[cdi-dev] [JBoss JIRA] (CDI-139) Support for unmanaged instances

Pete Muir (Commented) (JIRA) jira-events at lists.jboss.org
Wed Nov 2 11:22:45 EDT 2011


    [ https://issues.jboss.org/browse/CDI-139?page=com.atlassian.jira.plugin.system.issuetabpanels:comment-tabpanel&focusedCommentId=12639303#comment-12639303 ] 

Pete Muir commented on CDI-139:
-------------------------------

> I think we don't need anything like that. It happens that all (non EG)
> people I talked about this very problem (using Instance<T> for creating
> @Dependent beans) did not even understand that they created a memory leak!
> 
> What can we do against it? We could of course add a destroy(Object) instance,
> but this might be hard to use. Of course, users would really need to use it
> and old code would still be broken.

> My solution: the injected Instance<T> itself is a managed contextual instance 
> as well, and it has Scope @Dependent. Thus it is possible to add a @PreDestroy
> to it which will automatically get called by the container whenever the containing
> contextual instance will get destroyed.
> 
> If we now in Instance#get() check if the created contextual instance is @Dependent
> and then store it in a List inside the respective Instance<T> instance, then we
> can also easily cleanup them in the @PreDestroy of Instance<T> which got used to 
> create all the Dependent contextual instances.

Yes, we should certainly clarify that this is the behavior required, and this is actually what creates the "memory leak" in the first place.

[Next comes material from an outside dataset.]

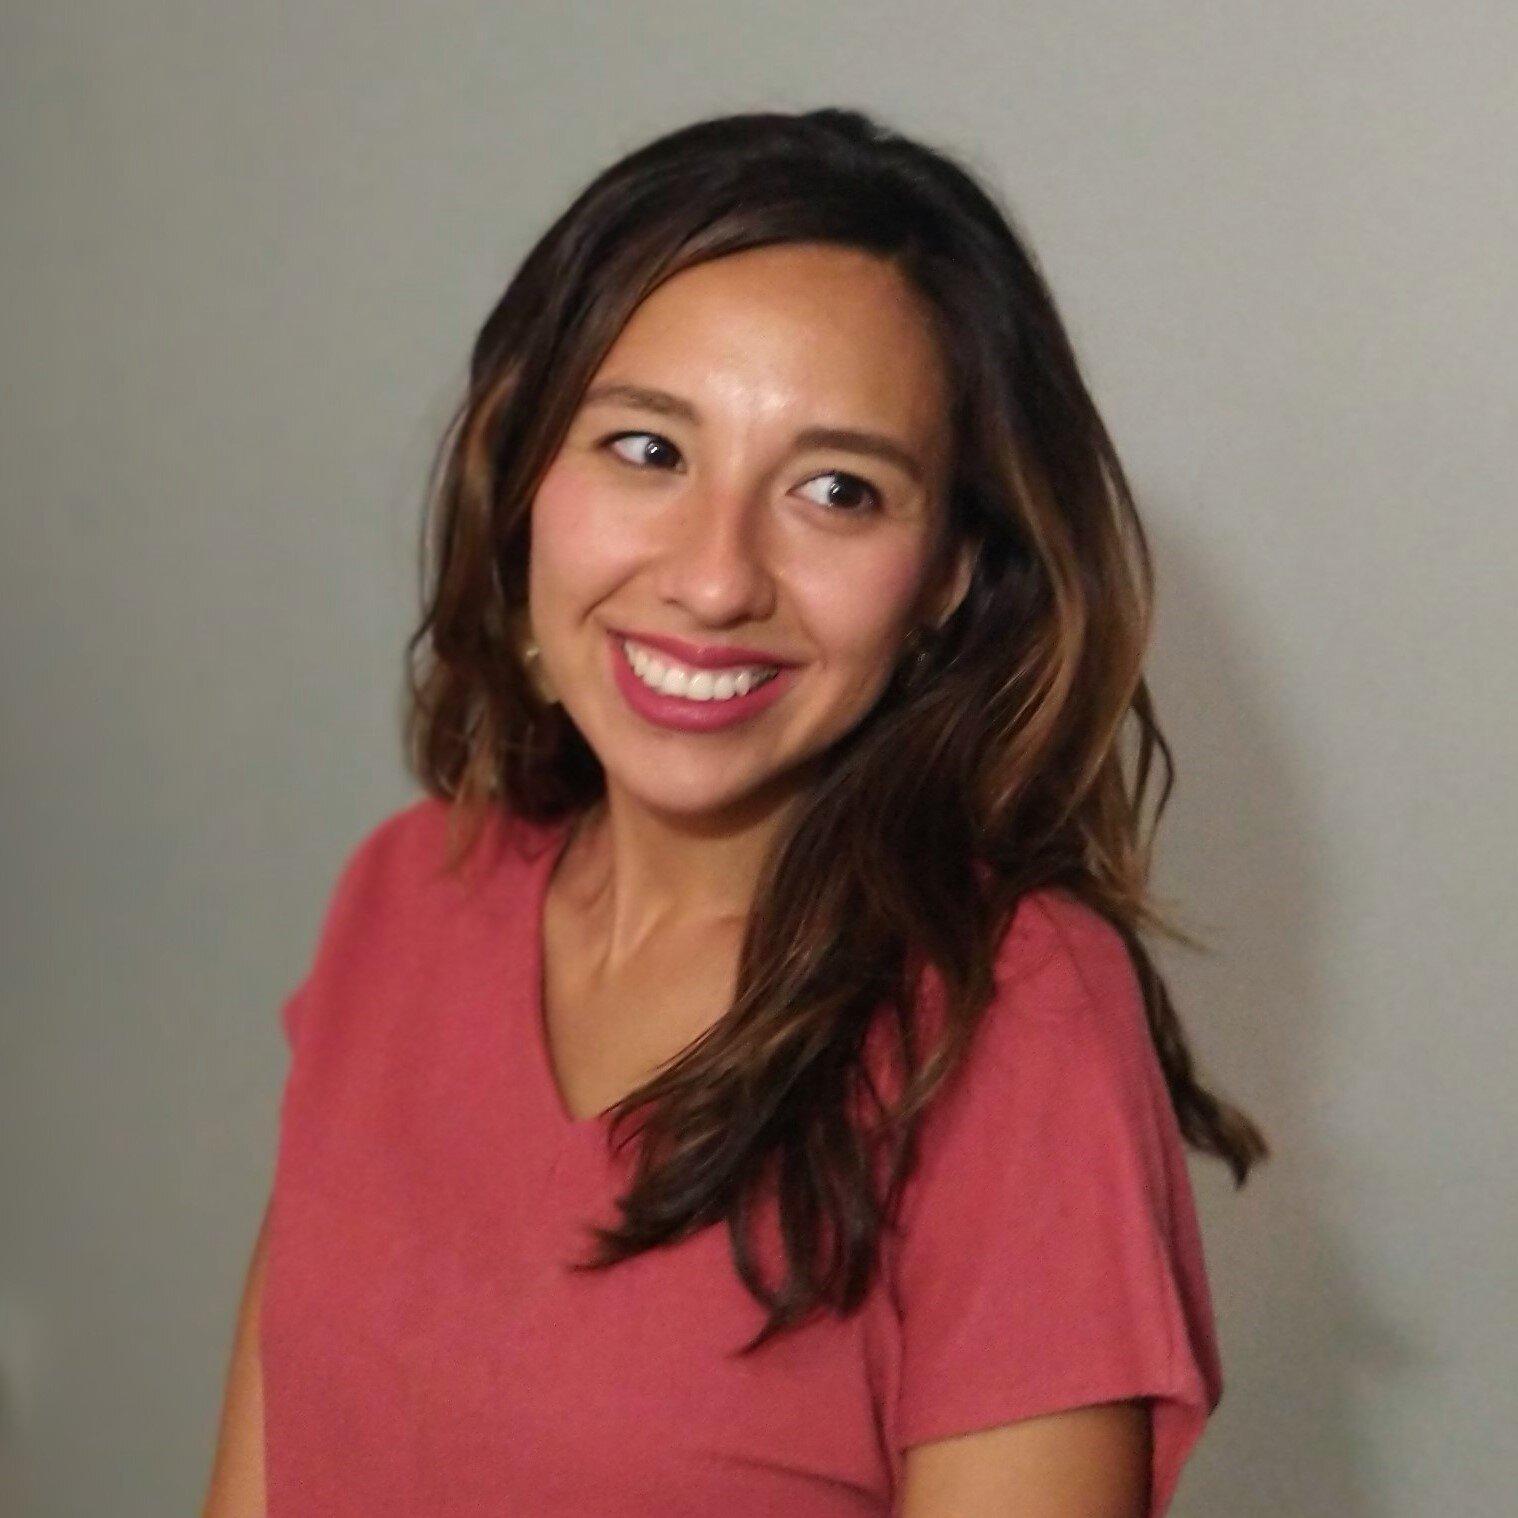 Andreina Centlivre - Communications Consultant

The issue is most apparent you associate the Instance with an application scoped bean, it means the memory won't be released until the application is undeployed. This is correct, but has unfortunate side effects.

Weld implements this today, not via the impl you propose, but it has the same effect. There are a few optimisations we can do - if there is no @PreDestroy callback on the dependent bean, there is no need to hold a reference to it at all. We could also offer a mode where only a weak reference is held by Weld, so that when the app drops a reference, it can be gc'd.

We could of course suggest people don't use Instance with application scoped beans, but this seems a bad restriction.

I think offering a mode where people can manually clean up their Instances is useful. It won't affect the functionality of an app if you don't use it, but it can offer an optimisation people can use.

> Additionally we need to specify, when @Dependent instances that are obtained via CDI.current() or 
> BeanManager.getReference(...) are destroyed. At least this should be happen on container-shutdown.

Beans obtained via BeanManager must be manually cleaned up using Contextual.destroy().

We should add that instances obtained via CDI.current() will be treated as belonging to the lifecycle of the application, and so automatically cleaned up when the application is stopped. Can you file an issue for that?

IMO this latter point also emphasises the need for a Instance.destroy() method, most of the time people will want their beans cleaned before the application is stopped.
                
> Support for unmanaged instances
> -------------------------------
>
>                 Key: CDI-139
>                 URL: https://issues.jboss.org/browse/CDI-139
>             Project: CDI Specification Issues
>          Issue Type: Feature Request
>          Components: Beans
>    Affects Versions: 1.0
>            Reporter: Joshua Davis
>             Fix For: 1.1 (Proposed)
>
>
> Allow the creation of unmanaged instances.   The CDI context will not keep track of these instances and the application will be responsible for cleaning them up.   This is a fairly typical usage of other DI frameworks such as Guice and PicoContainer.
> Currently, if an ApplicationScoped object injects an {{Instance<T>}} interface, CDI will manage all instances returned by the {{get()}} method as dependents of the application scoped object.   Those instances will be kept in memory by the CDI implementation and will only be GC'd when the application scoped object is destroyed (at the end of the application).   This may look like a memory leak to the user (see WELD-920).
> From P. Muir on WELD-920
> {quote}
> We can describe instances which are attached (as the CDI 1.0 spec requires) as "managed" instances, and those which the user takes responsibility for cleaning up themselves as "unmanaged" instances. In CDI 1.1 I would like to add support for unmanaged instances (the impl will just hand these over and forget about them) and also to allow the app to request an unmanaged instance is cleaned up. Please can someone file a CDI issue for this?
> Weld could certainly be more friendly and more proactively discard instances. Ideas:
> 1) Analyse the dependent instance graph, and if there are no @PreDestroy/@Disposer callbacks on in the graph, do not store the dependent instance for cleanup (this would be a good general optimization
> (2) Add a config option to allow instances created from Instance to be held only as long as the app holds a reference, and if the app doesn't hold a reference for it's lifetime, then Weld would not do any cleanup (Weld would hold a weak ref).